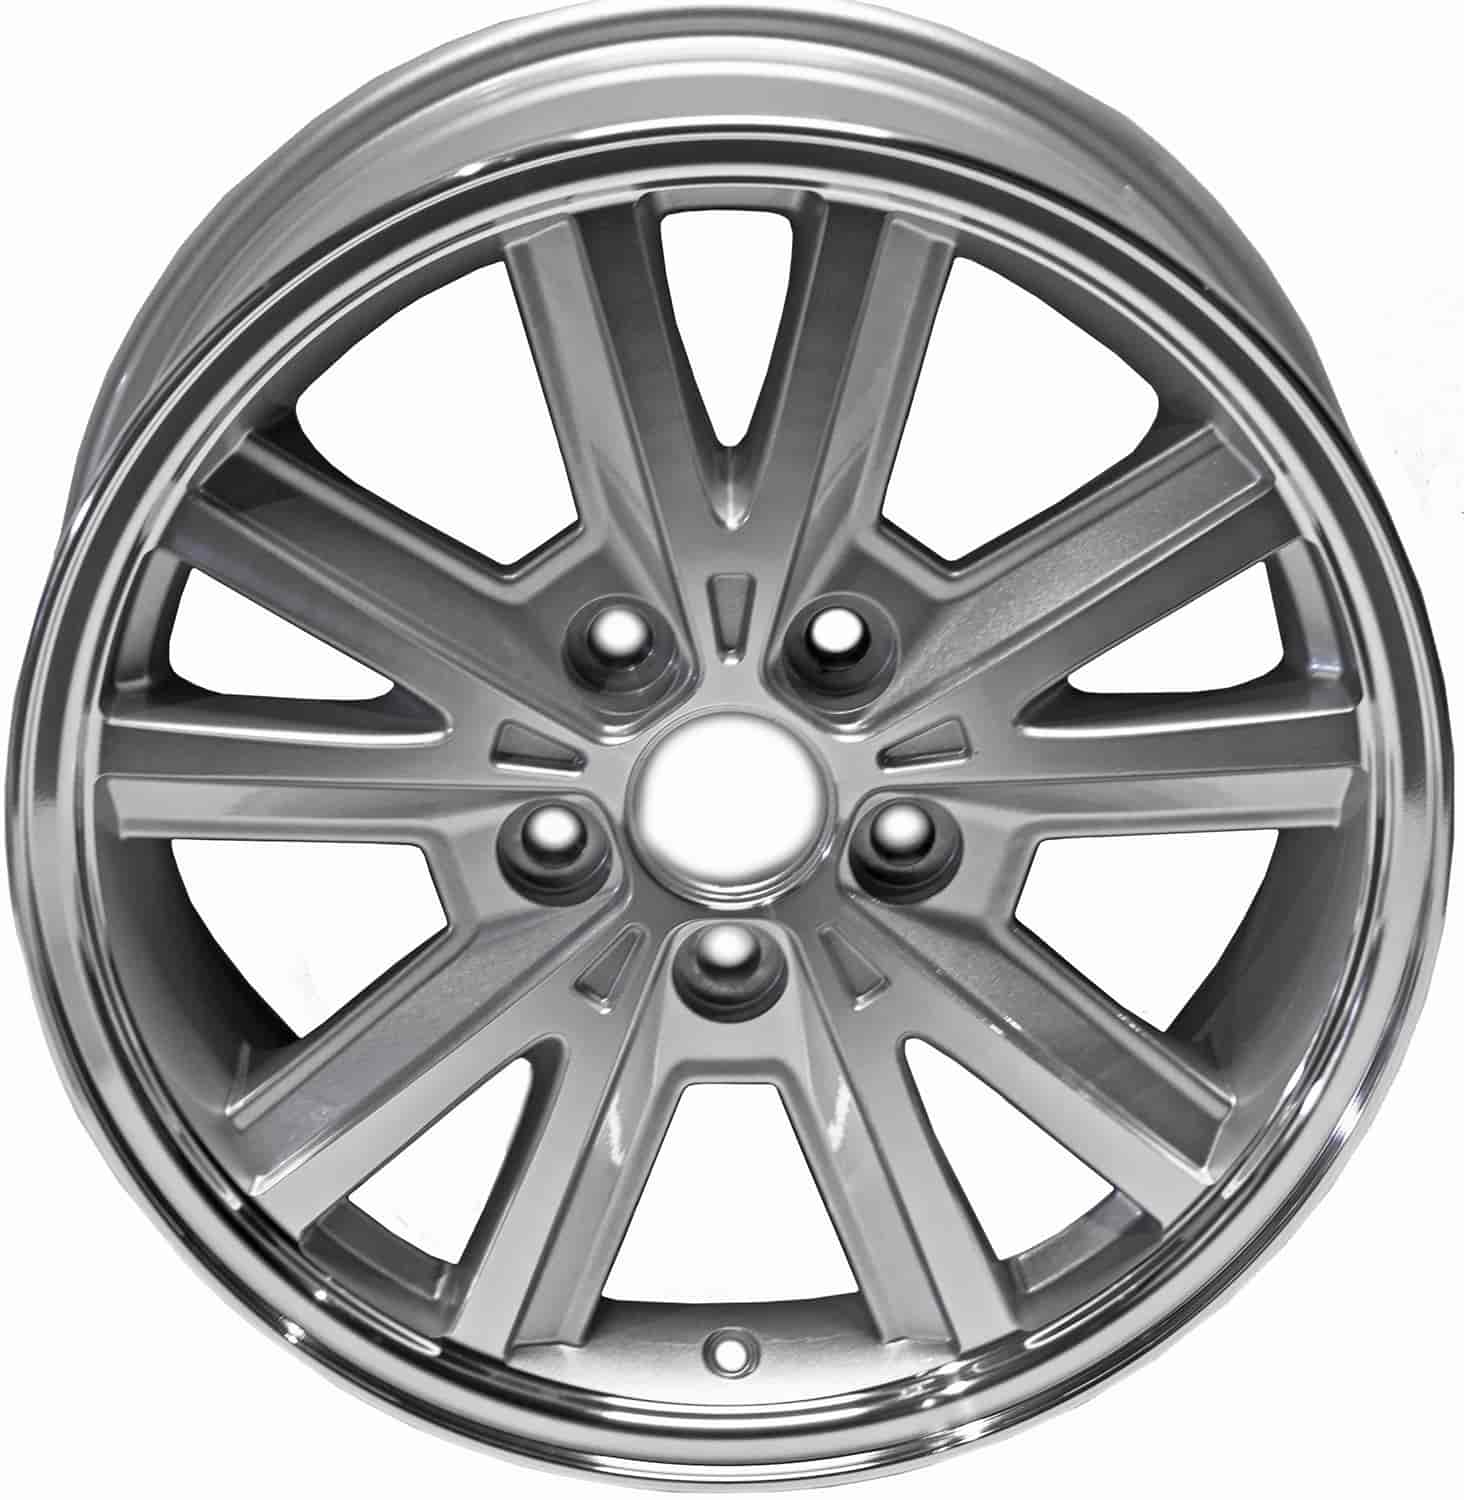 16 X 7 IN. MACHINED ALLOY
==
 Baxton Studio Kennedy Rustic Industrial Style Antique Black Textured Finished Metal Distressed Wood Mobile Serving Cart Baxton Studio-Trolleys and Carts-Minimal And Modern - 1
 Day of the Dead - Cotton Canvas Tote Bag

* AIM OF THE TASK
Restate word for word the entries above from the line with "Baxton Studio Kennedy" through the line with "Day of the Dead - Cotton Canvas Tote Bag", inclusive, leaving out everything else.

* ANSWER BELOW
 Baxton Studio Kennedy Rustic Industrial Style Antique Black Textured Finished Metal Distressed Wood Mobile Serving Cart Baxton Studio-Trolleys and Carts-Minimal And Modern - 1
 Day of the Dead - Cotton Canvas Tote Bag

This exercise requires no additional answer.